Por otro lado, Bry ayudó a Hera recogiendo rápidamente las malas hierbas que ella apartaba, apilándolas de manera ordenada para evitar cualquier posibilidad de que sus raíces reclamaran el suelo.
—Niña, lo estás haciendo espléndidamente, ¿no es así?
—El anciano deambulaba alrededor, inspeccionando el trabajo de Hera con la intención de identificar cualquier problema potencial.
Sin embargo, no importa dónde mirara, no podía encontrar un solo fallo.
Sin que él lo supiera, mientras Hera trabajaba diligentemente en el campo, Bry le había estado ofreciendo consejos perspicaces que iluminaban los matices del trabajo agrícola.
A pesar de poseer conocimientos teóricos y una comprensión básica, Hera carecía de experiencia práctica, lo que la dejaba dependiendo únicamente de lo que ya sabía.
De hecho, con antepasados enraizados en una familia agricultora, Hera albergaba una profunda fascinación por las prácticas agrícolas.
Esta conexión innata impulsó su gran interés en la agricultura.
Por tanto, durante las discusiones con Bry sobre plantación y trabajo del campo, escuchaba atentamente, reconociendo su riqueza de conocimientos adquiridos de crecer alrededor del campo y los animales.
Una vez que Hera completó las tareas de arar y desmalezar, pasó sin problemas a la recolección de las verduras maduras.
Canasta tras canasta se llenaba con los frutos de su trabajo.
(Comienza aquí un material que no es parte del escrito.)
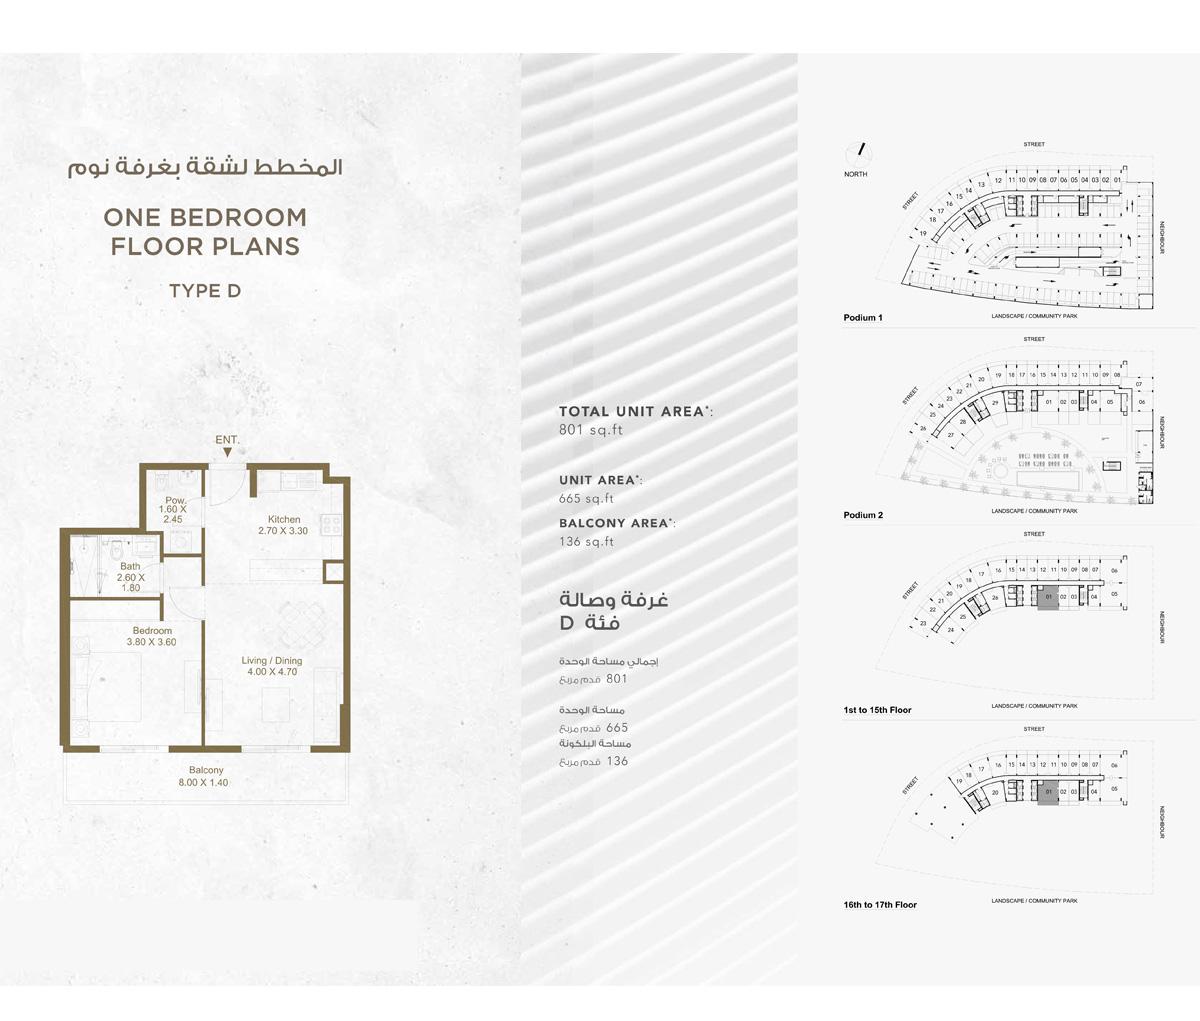 1 Bedroom Type D, Size 801 sq.ft

Mientras la mayoría de los aldeanos se habían ocupado con la cosecha mientras Hera se centraba en arar antes, ahora que había terminado su tarea, se unió con entusiasmo a los demás en el esfuerzo colectivo.
Observando el genuino entusiasmo de Hera y su afán por aprender sobre la agricultura, los aldeanos desarrollaron un cariño por ella.
Acogieron calurosamente su presencia y compartieron generosamente la riqueza de conocimientos acumulados a lo largo de los años, nutriendo su curiosidad y pasión por las prácticas agrícolas.